# Gravely 812 transmission noise



## jamisiaszek (Feb 14, 2014)

Hi I am new to the forum seeking advise, I recently rebuilt my transmission due to finding metal shavings in the oil. I actually found my transmission to be in very good condition even has a brand new pto. I replaced a few bearings and cleaned out the case. Everything works great but I have a noise in reverse in low range, what the hell could it be, all other functions are quiet??? I rebuilt an lubed the forward clutch, I plan to rebuild the reverse clutch and lube it up tomorrow night, I'm just looking for advise. Thanks in advance.


----------



## Fluid (Nov 28, 2013)

When you say noise, can you describe it? Is it a squeal, clicking, squeak ?


----------



## jamisiaszek (Feb 14, 2014)

It sounds like a bearing noise, last night I noticed that in RL the forward clutch spins. I felt the clutch while it was spinning and there is def a bearing that needs attention. Tonight im going to check into it more. Does this make sense, would that bearing cause this type of noise only in reverse L???


----------



## Fluid (Nov 28, 2013)

It just might be that the reverse clutch needs some grease also. When I work on just one clutch, the other starts giving me trouble. I have adjusted the forward clutch, take the tractor for a short test ride and find the reverse clutch needs adjusting. I've found its always good to work (adjust or grease) on both or the clutch system (forward/reverse) because the two work and are tied together. I hope I'm making sense to you.


----------



## clydewater (Jan 2, 2016)

*816 has virbration and noise when in low gear reverse only.*

Hi
Did you ever solve the problem with your transmission makeing a noise when in low reverse? Mine started doing the same thing today. It is fine in high reverse. Mine almost makes a shuddering vibration and noise.
Any help would be appreciated.
Thanks


----------



## wjjones (May 28, 2010)

It sounds like slack somewhere if its shuddering, and making a noise. Could be worn shims in the assembly they will leave shavings behind after getting chewed away.
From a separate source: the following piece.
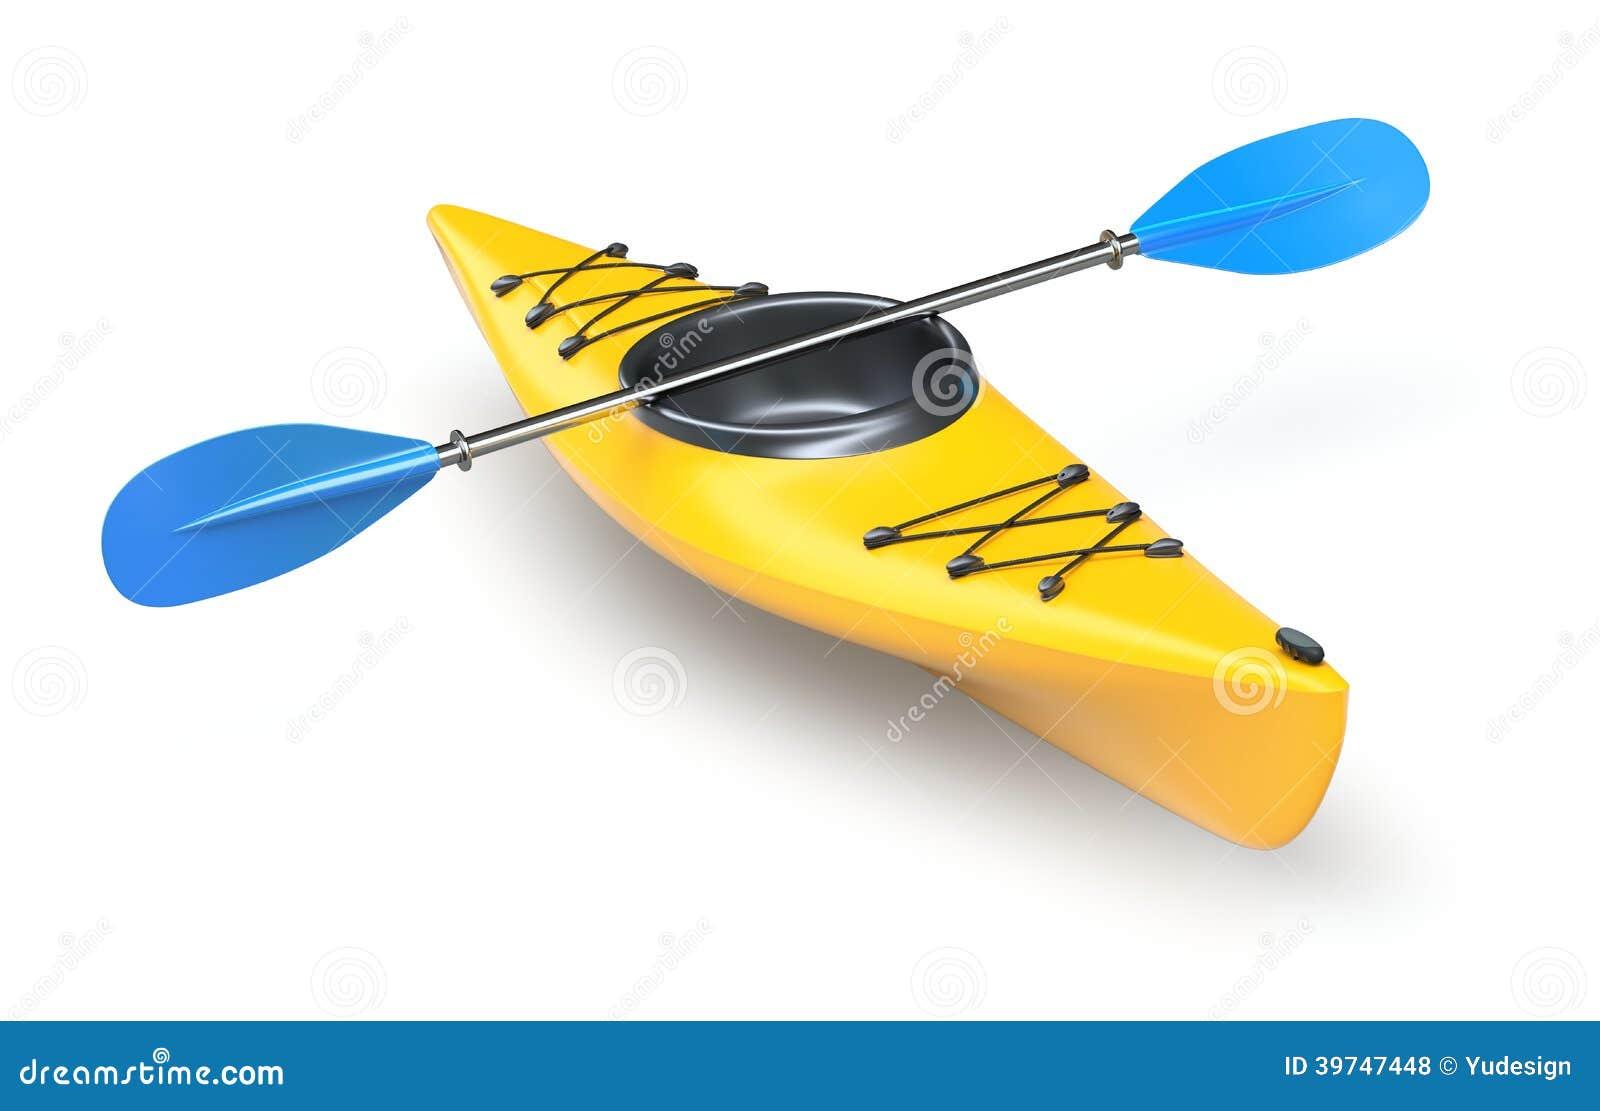 Kayak Photos Stock Inscription Gratuite

Have you tore it down yet?


----------



## clydewater (Jan 2, 2016)

Hi
I have not taken it apart yet as I need it for the winter for the snow blower.
I will check the fluid next weekend when I am back in Vermont where the tractor is at my father's house.
If it is not making noise when in High Reverse, do you think I am doing damage when using it?
It all started when I had to tow it out of a snow bank. The forward / reverse level was in neutral, but it was still in 3rd low. 

It was only towed about 50 feet at slow speed.
Never a dull moment.
Thanks for the reply
Rich


----------